It’s That Time Again—The False Claims Act is Under AttackTweet
July 30, 2014
Today, the House Judiciary Committee’s Subcommittee on the Constitution and Civil Justice is holding a hearing on the False Claims Act (FCA). The FCA has deterred and punished fraud and war profiteering since 1863. The Project On Government Oversight hopes Congress will strengthen the FCA and create a zero tolerance policy with regard to fraud by contractors and other federal fund recipients. Unfortunately, it looks like the hearing will be used by those who have been held accountable under the law to push for gutting it (previous attempts were made in 1994 and 1997).
The total amount recovered under the FCA since 1986—when the law was substantially strengthened by amendments sponsored by Senator Chuck Grassley (R-IA) and then-Representative Howard Berman (D-CA)—now stands at $38.9 billion. About 11 percent of that was awarded to the whistleblowers who exposed the fraud and false claims by filing lawsuits under the qui tam provisions of the FCA, which entitles them to a share of the recovery.
Senator Grassley will speak in support of the FCA at today’s hearing, as will John E. Clark, a qui tam attorney and member of the board at Taxpayers Against Fraud. Some of the other witnesses, however, are mouthpieces for the U.S. Chamber of Commerce and its members.
Patricia J. Harned, Ph.D., president of the Ethics Resource Center, will testify that “companies that implement effective ethics and compliance programs, and also focus on establishing ethical cultures where standards are taken seriously, do prevent and detect fraudulent activity.” While we don’t agree with the concept of corporate self-policing, we can’t disagree with her testimony that an “effective,” “well-implemented,” and “strong” compliance program can deter fraud. That was the major reason the Defense Industry Initiative (DII) was formed: to promote a “culture and practice of ethics and integrity in all business dealings with the United States Department of Defense.” It was also the reason the Department of Justice (DOJ) created a “Contractor Code of Business Ethics and Conduct” (see FAR Subpart 3.10). Yet, companies still defraud the government of billions of dollars every year.

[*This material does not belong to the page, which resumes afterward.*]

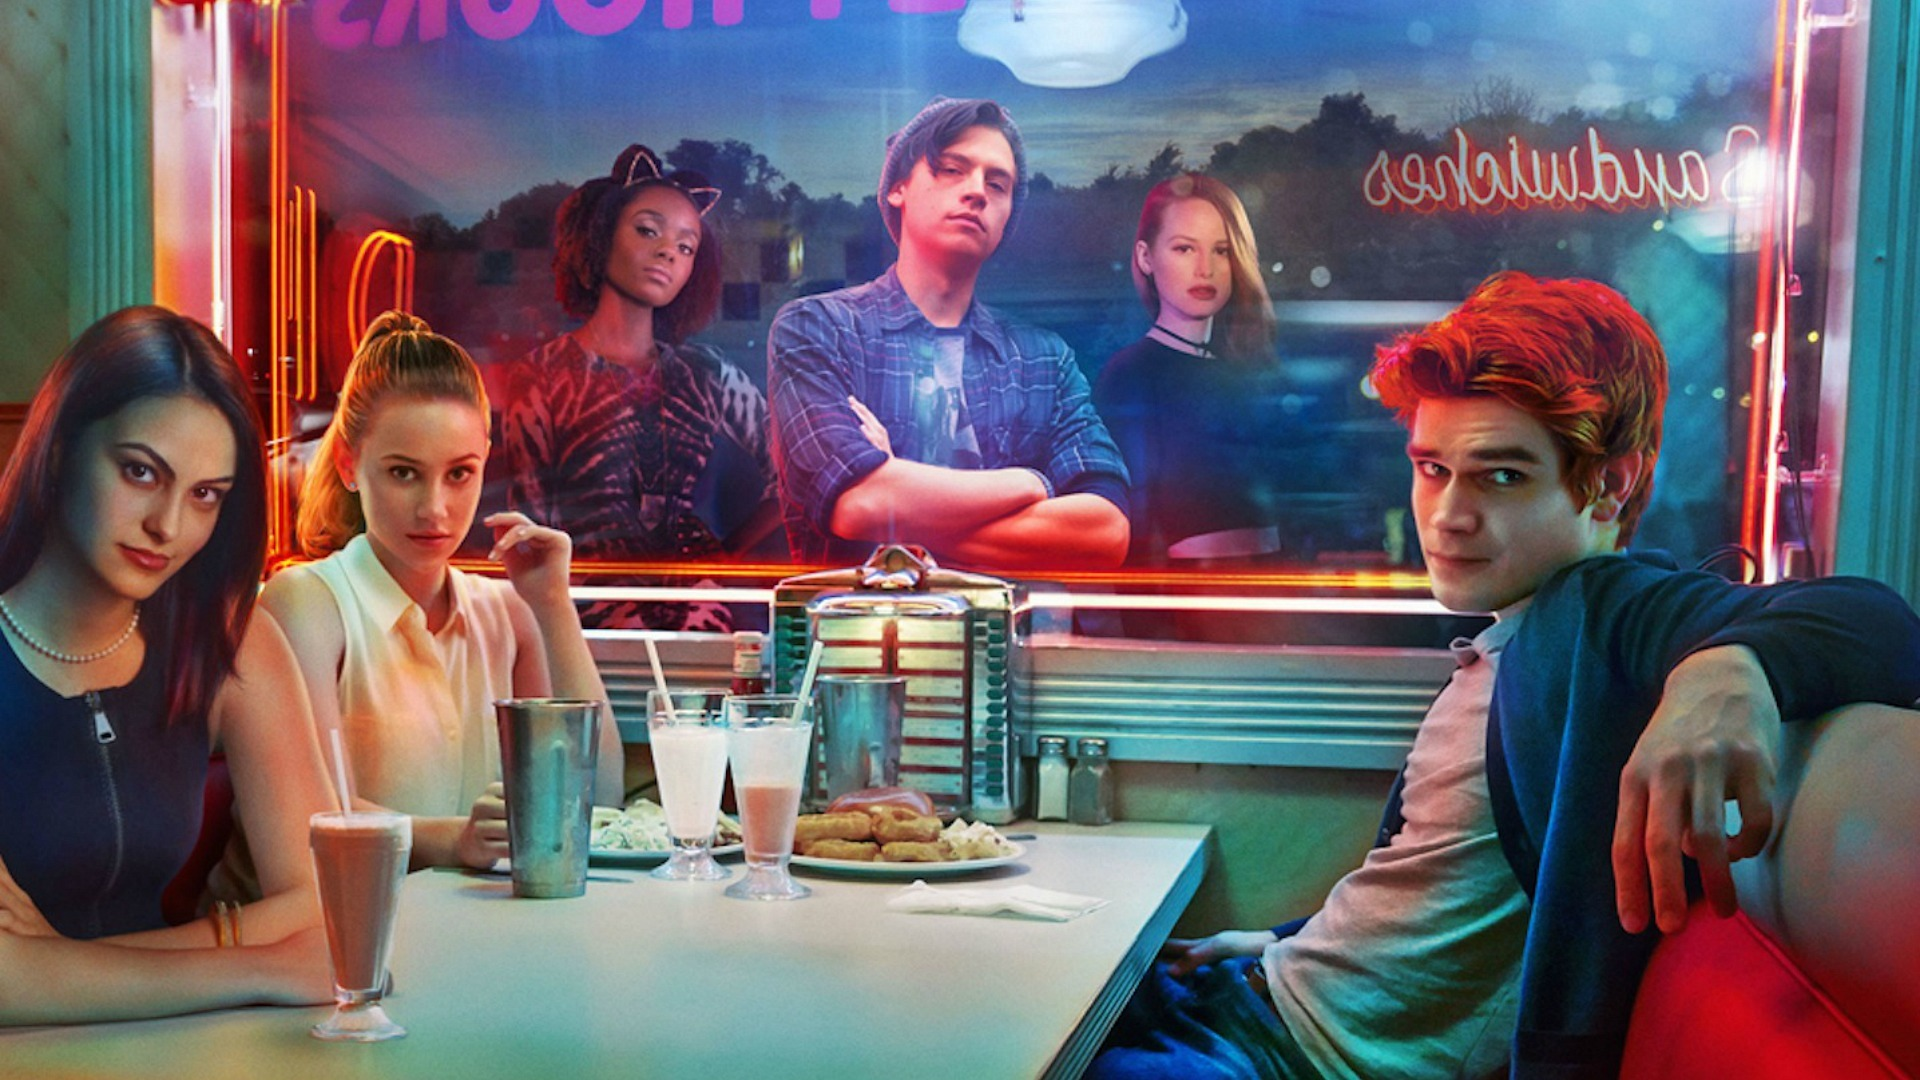 Riverdale Wallpaper Hd - Archie Show Netflix , HD Wallpaper & Backgrounds

According to the U.S. Chamber of Commerce Institute for Legal Reform, which is supported by numerous defense contractors and health care companies that have settled fraud cases that account for a large percentage of FCA recoveries, Congress should gut the law. The Chamber’s reasoning:
The government estimates that it loses approximately $72 billion to fraud, abuse, and improper payments each year, yet the FCA has recovered only $35 billion since 1987—a tiny fraction of the money lost over that period.

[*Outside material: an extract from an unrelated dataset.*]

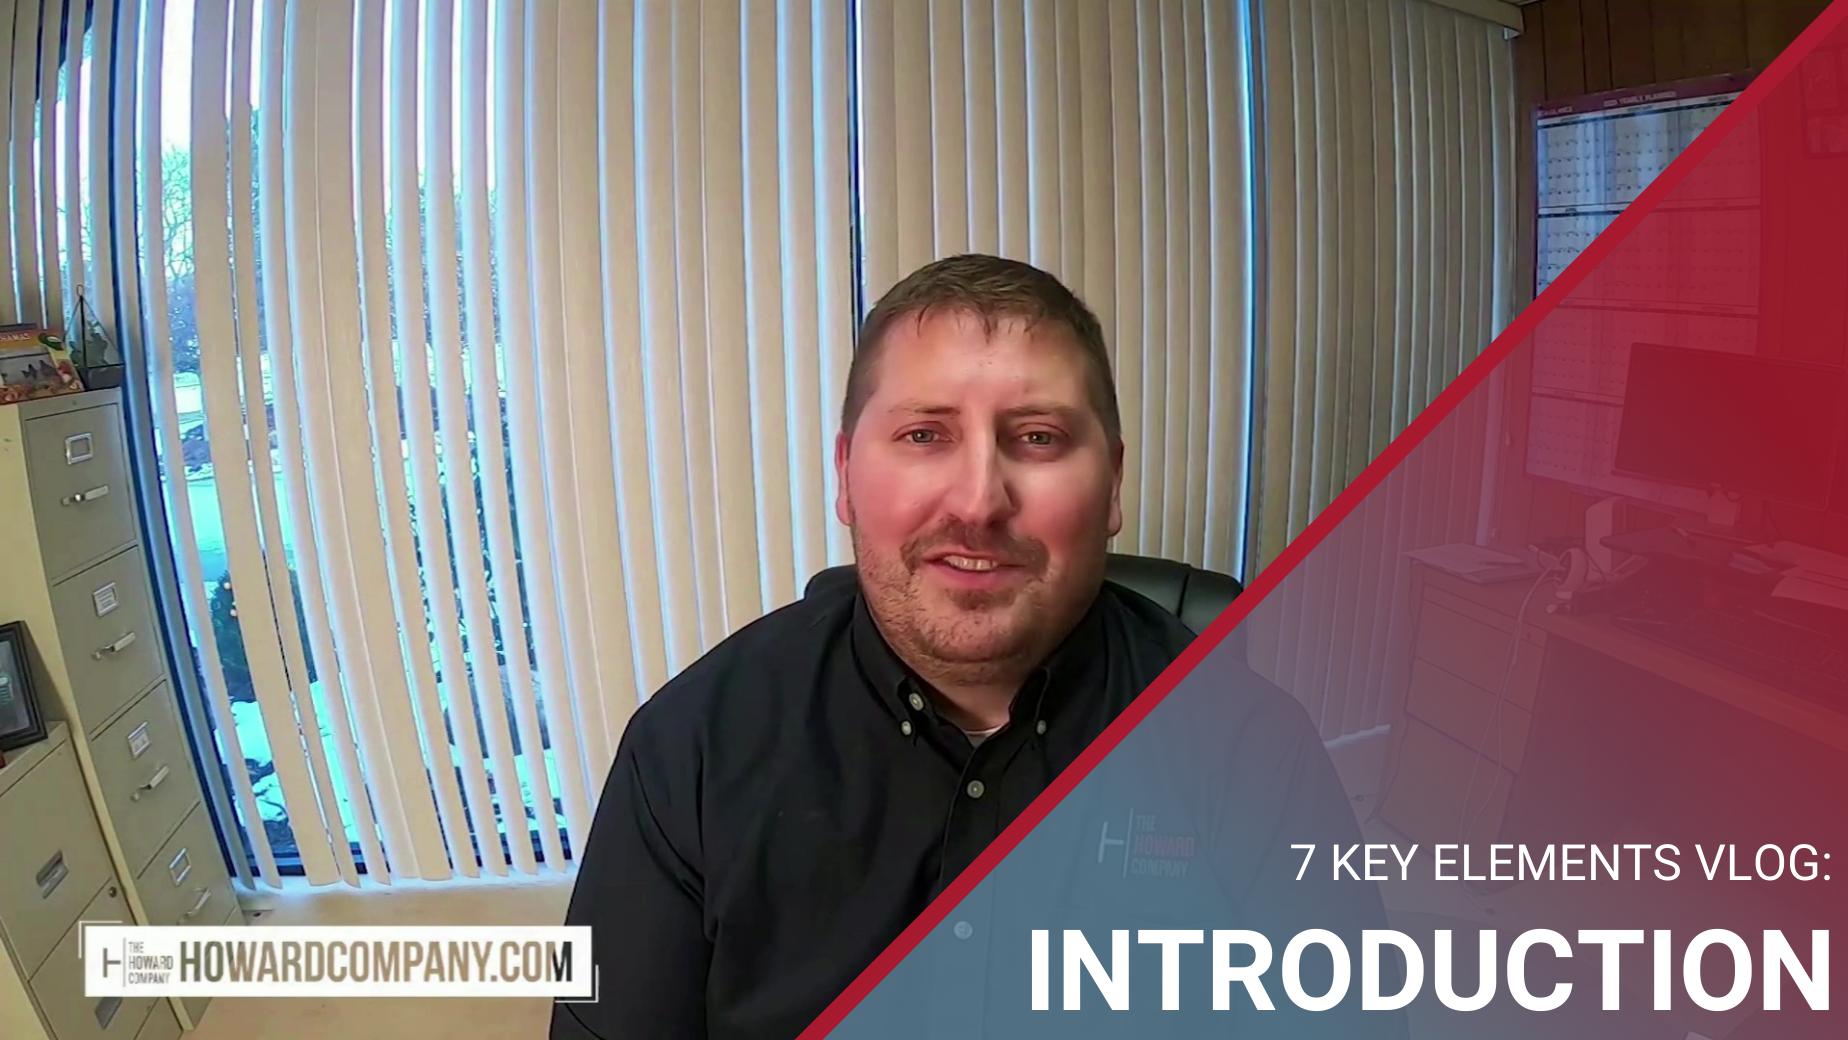 Gary Digital Series Vlog Intro

You read that right—the Chamber advocates weakening the FCA because there is so much fraud that only a “tiny fraction” gets recovered. So the Chamber blames the law for “not getting the job done.”
As the solution, the Chamber proposes incentivizing companies to “maintain effective compliance programs” because companies are in the best position “to detect and prevent wrongdoing as the first line of defense against fraud.” The focus of this proposal is to allow companies to have certified compliance programs that will result in damages that will be based on the level of culpability rather than the FCA’s triple damages standard. Companies should already be incentivized to not defraud the government—whether to avoid a lawsuit and financial penalties, avoid bad press, or to protect their owners and shareholders—and compliance programs will help in achieving all of those outcomes without gutting the law. Corporate compliance and a strong FCA seem like a great one-two combination to deter and punish fraud against taxpayers; they are not mutually exclusive. That said, compliance programs alone do not work, and the law and its punishment is necessary to keep fraud in check.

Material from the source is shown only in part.